Womit hast du die Temps denn gemessen?Evtl einfach ein Bios Fehler?Würde es mal mit Coretemp überprüfen,mir scheinen die Werte schon sehr hoch....


----------



## C4Alive (10. Oktober 2011)

*AW: i7-2600K Kühler*



L3stat schrieb:


> Womit hast du die Temps denn gemessen?Evtl einfach ein Bios Fehler?Würde es mal mit Coretemp überprüfen,mir scheinen die Werte schon sehr hoch....


 
einmal mit speedfan und einmal mit Coretemp.
da waren evtl 2-3°C schwankungen.


----------



## C4Alive (10. Oktober 2011)

*AW: i7-2600K Kühler*



Jackey555 schrieb:


> Ok. Dann viel Spaß mit dem neuen Kühler und gib mal Rückmeldung was es gebracht hat.


 

jo mach ich. kann aber noch ein bis zwei wochen dauern.


----------



## L3stat (11. Oktober 2011)

*AW: i7-2600K Kühler*

Dann man viel Erfolg,hoffen wir das löst dein Problem


----------



## Dr Bakterius (11. Oktober 2011)

*AW: i7-2600K Kühler*

Viel Glück, auf das Ergebnis bin ich mal gespannt


----------



## C4Alive (12. Oktober 2011)

*AW: i7-2600K Kühler*

So hab jetzt mal den Big shuriken 2 rev von nem kumpel geliehen.
mal schauen was die paar mehr heatpipes, größere fläche und nen schöner 120mm lüfter bringt.
Am freitag oder samstag kommen die ergebnisse.


----------



## C4Alive (15. Oktober 2011)

*AW: i7-2600K Kühler*

So Jungs jetzt ist der big Shuriken drauf, hab nen anständigen 2000 1/min Lüfter drauf. 120mm.
wenn ich prime95 und FurMark gleichzeitig laufen lasse.
bekomm ich auf die cpu nen max wert von 82°C!!!!!!!!!!!!!!!!!!!!!!!!!!!!!!!!!!!!!!!!
graka gtx580 bleibt auf 56°C.

wenn ich nur Prime95 laufen lasse ist der Big shuriken kälter als der shuriken rev. B. aber nur mit anderen 120mm lüfter. mit slim scyth lüfter bis auf 1 grad kälter. also kein unterschied zu shuriken rev.b und big shuriken. schade.

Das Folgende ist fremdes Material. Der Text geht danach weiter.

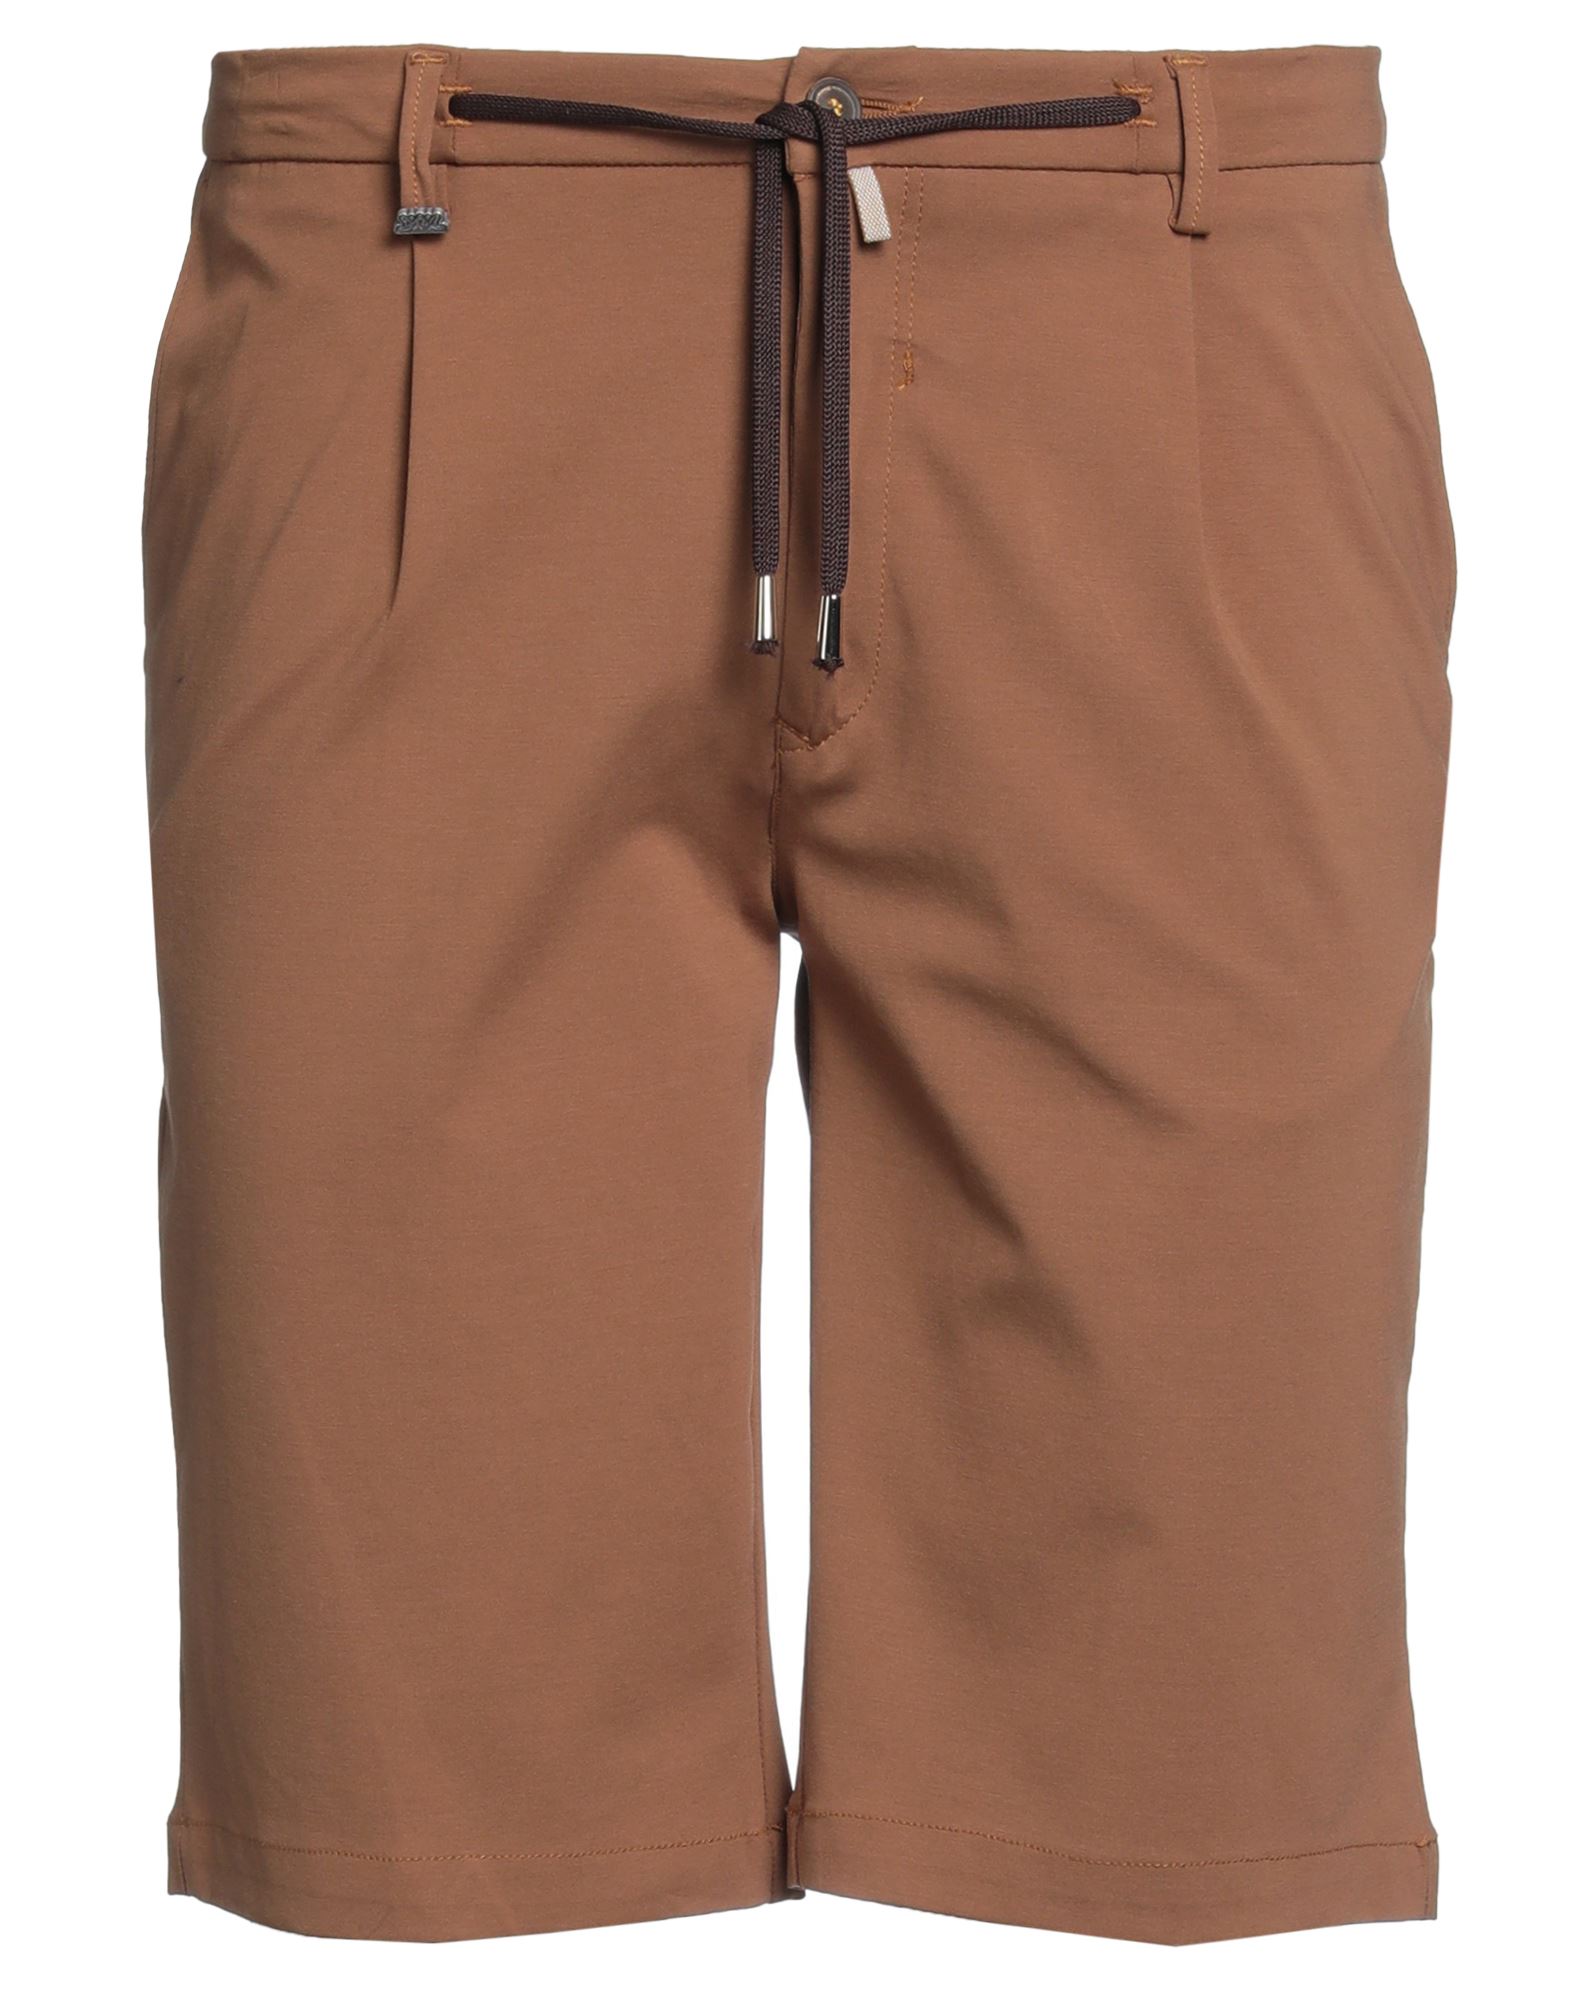 Barbati Man Shorts & Bermuda Shorts Camel Size 40 Cotton, Polyamide, Elastane In Beige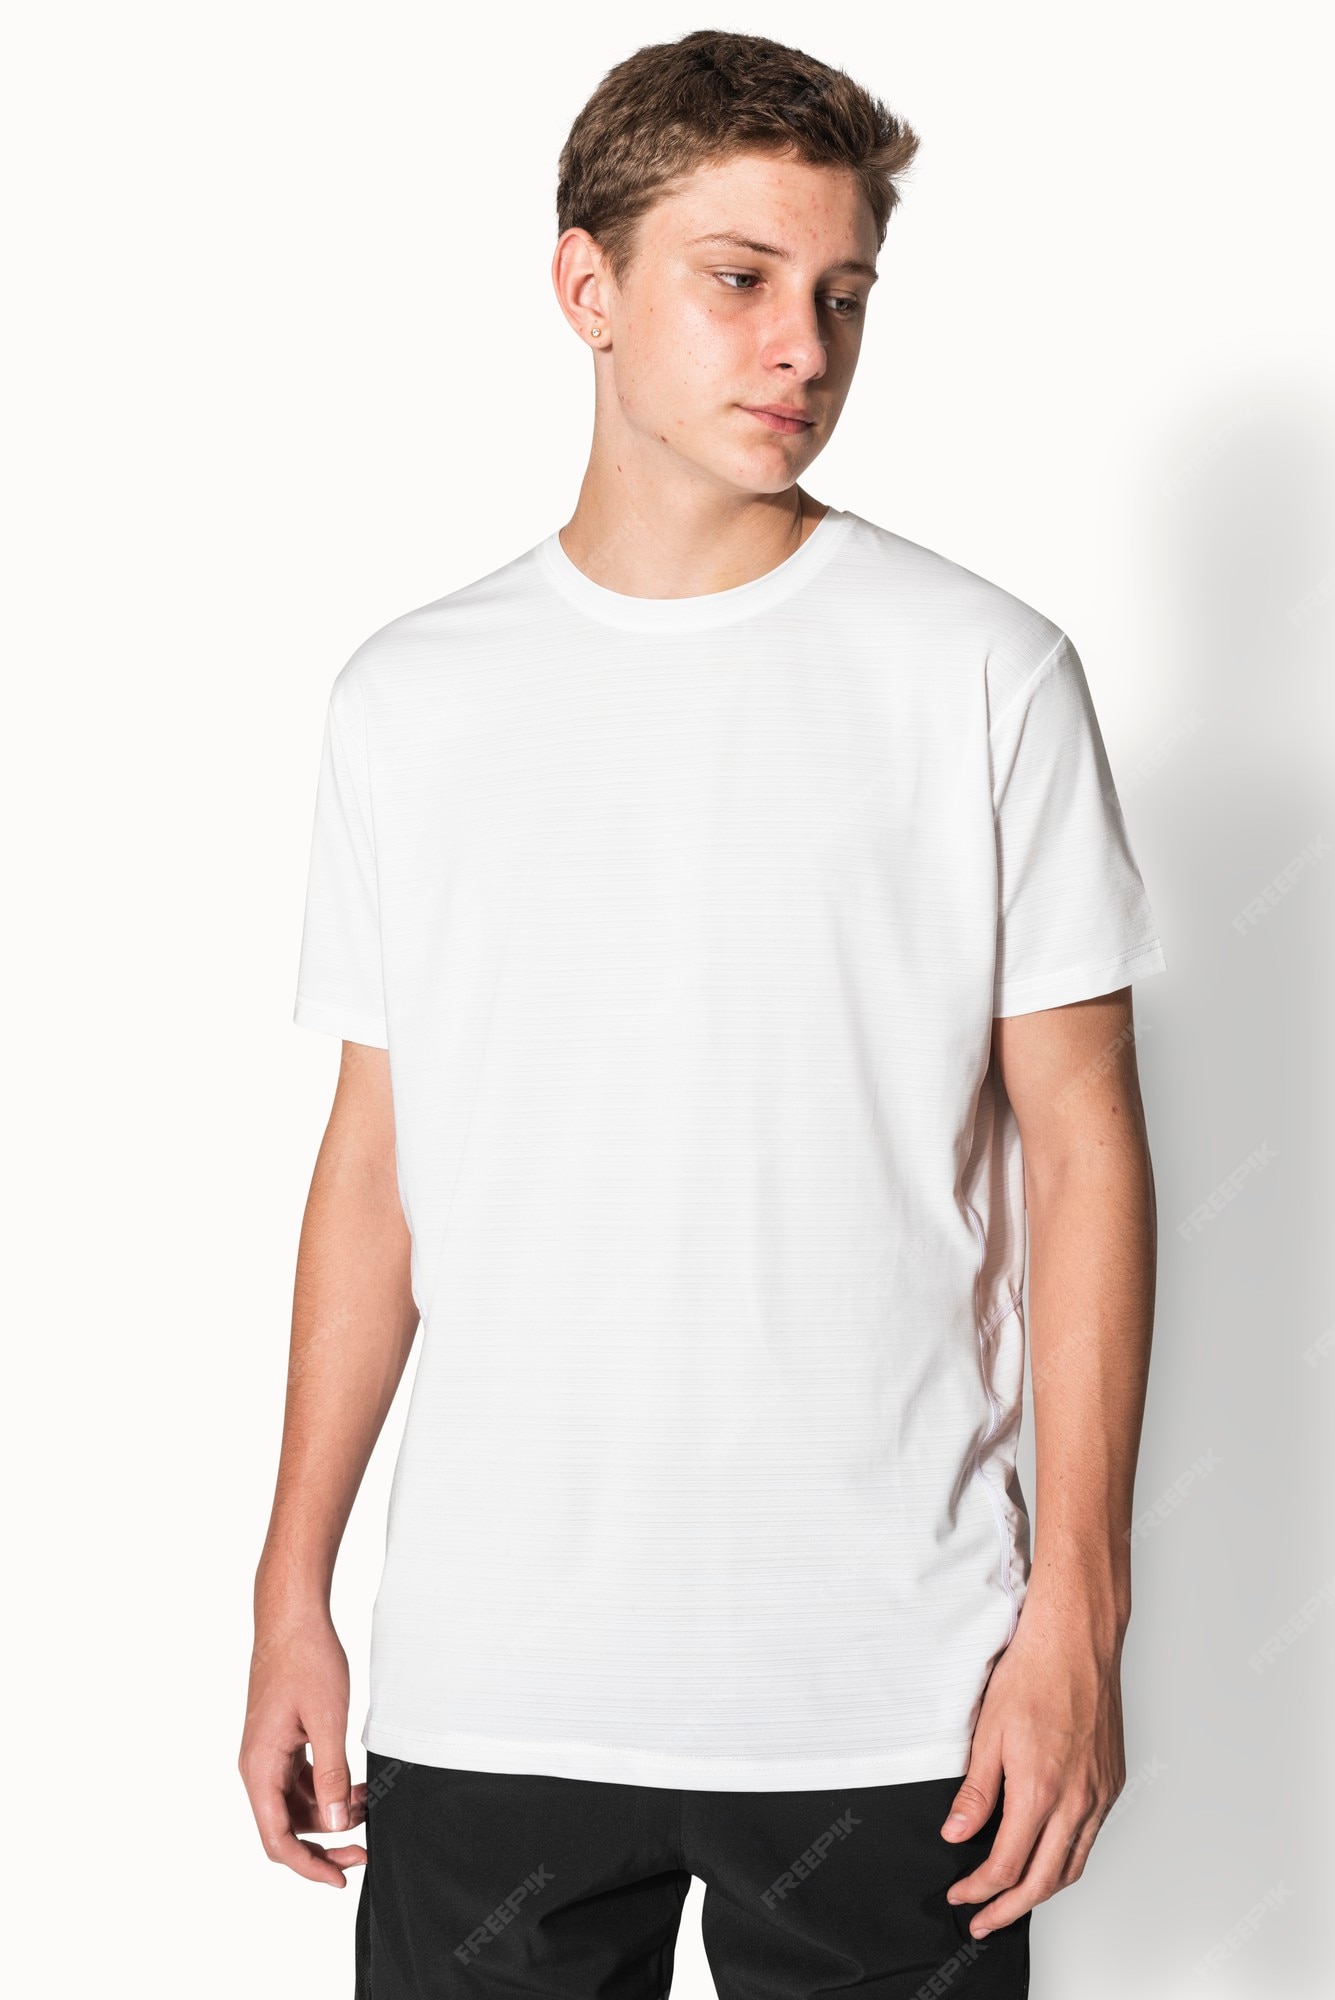 Portero Altitud Dejar abajo Camiseta básica blanca para sesión de estudio de ropa para chicos  adolescentes | Foto Gratis

mit dem                     Sharkoon SE Fan 2000 1/min
shuriken rev.b:    ca. 76°C
big shuriken   :    ca. 65°C

Jetzt muss wohl undervolting her.


----------



## C4Alive (16. Oktober 2011)

*AW: i7-2600K Kühler*

oder di antec h2o 620.


----------



## Dr Bakterius (16. Oktober 2011)

*AW: i7-2600K Kühler*

Gute Frage, irgendwie ist das Gehäuse für diese Hardware wohl nicht so geeignet


----------



## C4Alive (19. Oktober 2011)

*AW: i7-2600K Kühler*



Dr Bakterius schrieb:


> Gute Frage, irgendwie ist das Gehäuse für diese Hardware wohl nicht so geeignet


 
da hast du recht,
abe macht es denn nciht mehr spaß etwas zu schaffen für wa es nciht gedacht war.
alles in ein großes gehäuse bauen kann ja auch jeder.


----------



## C4Alive (19. Oktober 2011)

*AW: i7-2600K Kühler*

hier mal einige wenige bilder


----------



## Jackey555 (19. Oktober 2011)

*AW: i7-2600K Kühler*

Jetzt fällt mir noch Folgendes ein.



C4Alive schrieb:


> Frischluft bekommt er genug, sind 2 x 120mm mit 1500 1/min in der fron und ein 80mm im heck.
> ein paar Luft löcher werden noch gebohrt. aber daran liegts denk nicht.



Im Moment beförderst du deutlich mehr Luft in das Gehäuse als hinaus. Das kann sich kontraproduktiv auf die Temps auswirken. Eventuell kannst du ja die (zugegeben recht unkonventionelle) Methode probieren den Luftstrom zu drehen. Das Heißt der 80mm befördert hinten Luft hinein, die 2 120mm Lüfter ziehen vorne Luft heraus.



C4Alive schrieb:


> Jetzt muss wohl undervolting her.



Undervolting bringt wie bereits erwähnt einiges, da der 2600K schon bei Standartvoltage einen hohen Takt mitmacht vermute ich eine relativ hohes Undervoltingpotential.(Mutmaßung, keine eigene Erfahrung)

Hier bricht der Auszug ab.